Settings

Here we can find the main settings that are needed for controling the code. Below, the settings are grouped as tables, you can find the counterpart code file here. However, there are another parameters that need to be specified through the commandline, as they are considered the most important paramters in our experiments, you can find a description of them here

Default Settings
Parameter Value Description
Epsilon 0.1 A parameter that prevents the BIV function from having high loss values.
Threshold 1 The cutoff or noise threshold value of the cutoffMSE loss.
Distribution rate 1 Probability function over noise variance distributions. This is to study the contribution effect of low and high noise variance distributions.
Maximum Heteroscedasticity False The largest value that the heteroscedasticity (the variance of the distribution from which we sample the noise variance) could take.
UTKFace Settings
Parameter Value Description
Path of dataset directory “./Datasets/AgePrediction/UTKFace/* UTKFace directory.
Dataset size 23708 Size of the dataset.
Train size 16000 Size of the training set.
Test size 4000 Size of the testing set.
Train batch size 256 Batch size of the training set.
Test batch size 256 Batch size of the testing set.
Features mean “./Datasets/AgePrediction/images_mean.csv” A path to the emprical mean of the training images.
Features std “./Datasets/AgePrediction/images_std.csv” A path to the emprical standard deviation of the training set.
Labels mean “./Datasets/AgePrediction/labels_mean.csv” A path to the emprical mean of the training labels.
Labels std “./Datasets/AgePrediction/labels_std.csv” A path to the emprical standard deviation of the training labels.
Wine Quality Settings
Parameter Value Description
Path of dataset directory “./Datasets/WineQuality/wine.csv” Path of dataset directory
Dataset size 6491 Size of the dataset.
Train size 4000 Size of the training set.
Test size 4000 Size of the testing set.
Train batch size 64 Batch size of the training set.
Test batch size 64 Batch size of the testing set.
Features mean “./Datasets/WineQuality/features_mean.csv” A path to the emprical mean of the training features.
Features std “./Datasets/WineQuality/features_std.csv” A path to the emprical standard deviation of the training features.
Labels mean “./Datasets/WineQuality/labels_mean.csv” A path to the emprical mean of the training labels
Labels std “./Datasets/WineQuality/labels_std.csv” A path to the emprical standard deviation of the training labels.
Bike Sharing Settings
Parameter Value Description
Path of dataset directory “./Datasets/BikeSharing/” Path of dataset directory
Dataset size 17379 Size of the dataset
Train size 14000 Size of the training set.
Test size 3379 Size of the testing set.
Train batch size 256 Batch size of the training set.
Test batch size 256 Batch size of the testing set.
Features mean “./Datasets/BikeSharing/features_mean.csv” A path to the emprical mean of the training features.
Features std “./Datasets/BikeSharing/features_std.csv” A path to the emprical standard deviation of the training features.
Labels mean “./Datasets/BikeSharing/labels_mean.csv” A path to the emprical mean of the training labels
Labels std “./Datasets/BikeSharing/labels_std.csv” A path to the emprical standard deviation of the training labels.

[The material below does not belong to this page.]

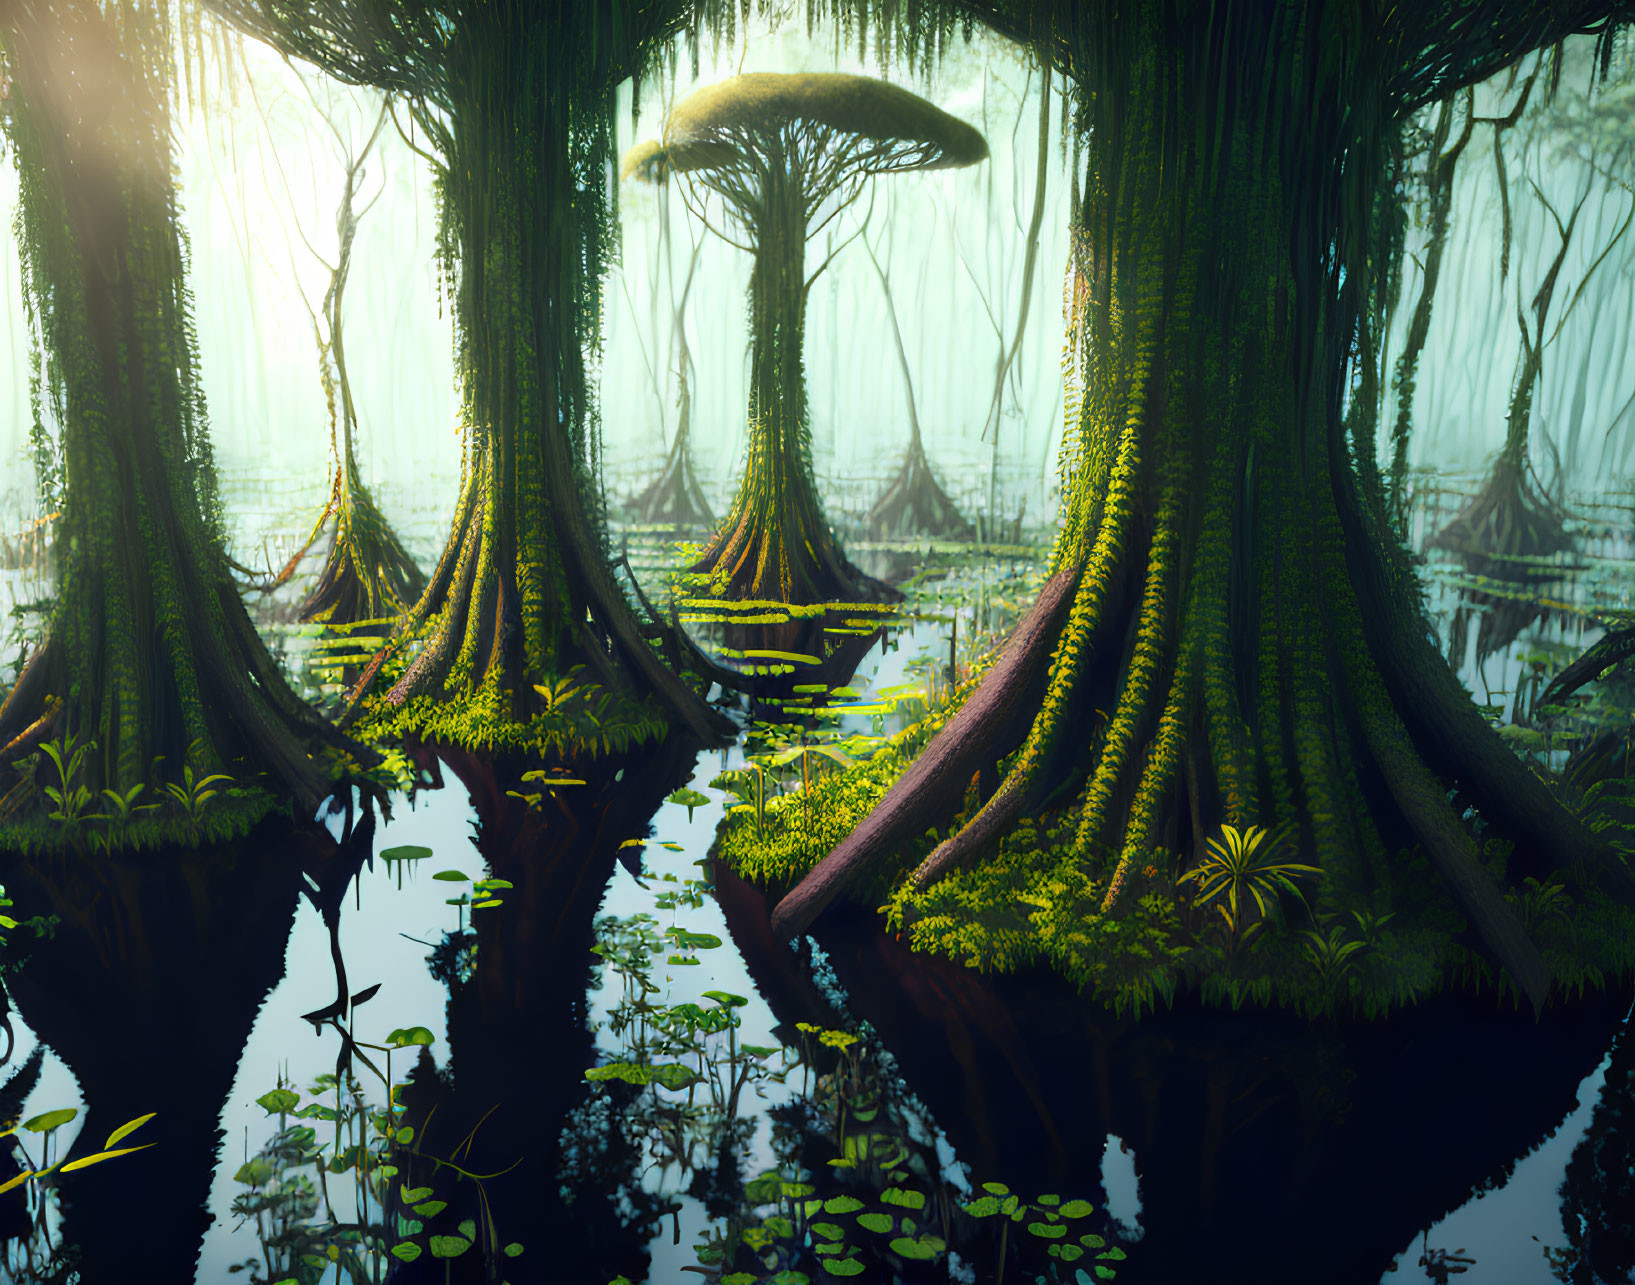 Futuristic swamp landscape with towering trees, large mushroom, and misty atmosphere

*Note: The above paths could be modified based on your personal setup. However, if you use our default configuration, make sure to follow the above theme.

Models Settings
Parameter Value Description
Learning rate (UTKFace) 1e-3 The learning rate of Resnet model that used with UTKFace dataset.
Learning rate (Wine Quality) 1e-2 The learning rate of vanilla ann model that used with Wine Quality dataset.
Learning rate (Bike Sharing) 1e-3 The learning rate of vanilla ann model that used with Bike Sharing dataset.
Epochs (Bike Sharing) 100 Number of training epochs for Bike Sharing dataset.
Epochs (UTKFace) 20 Number of training epochs for UTKFace dataset.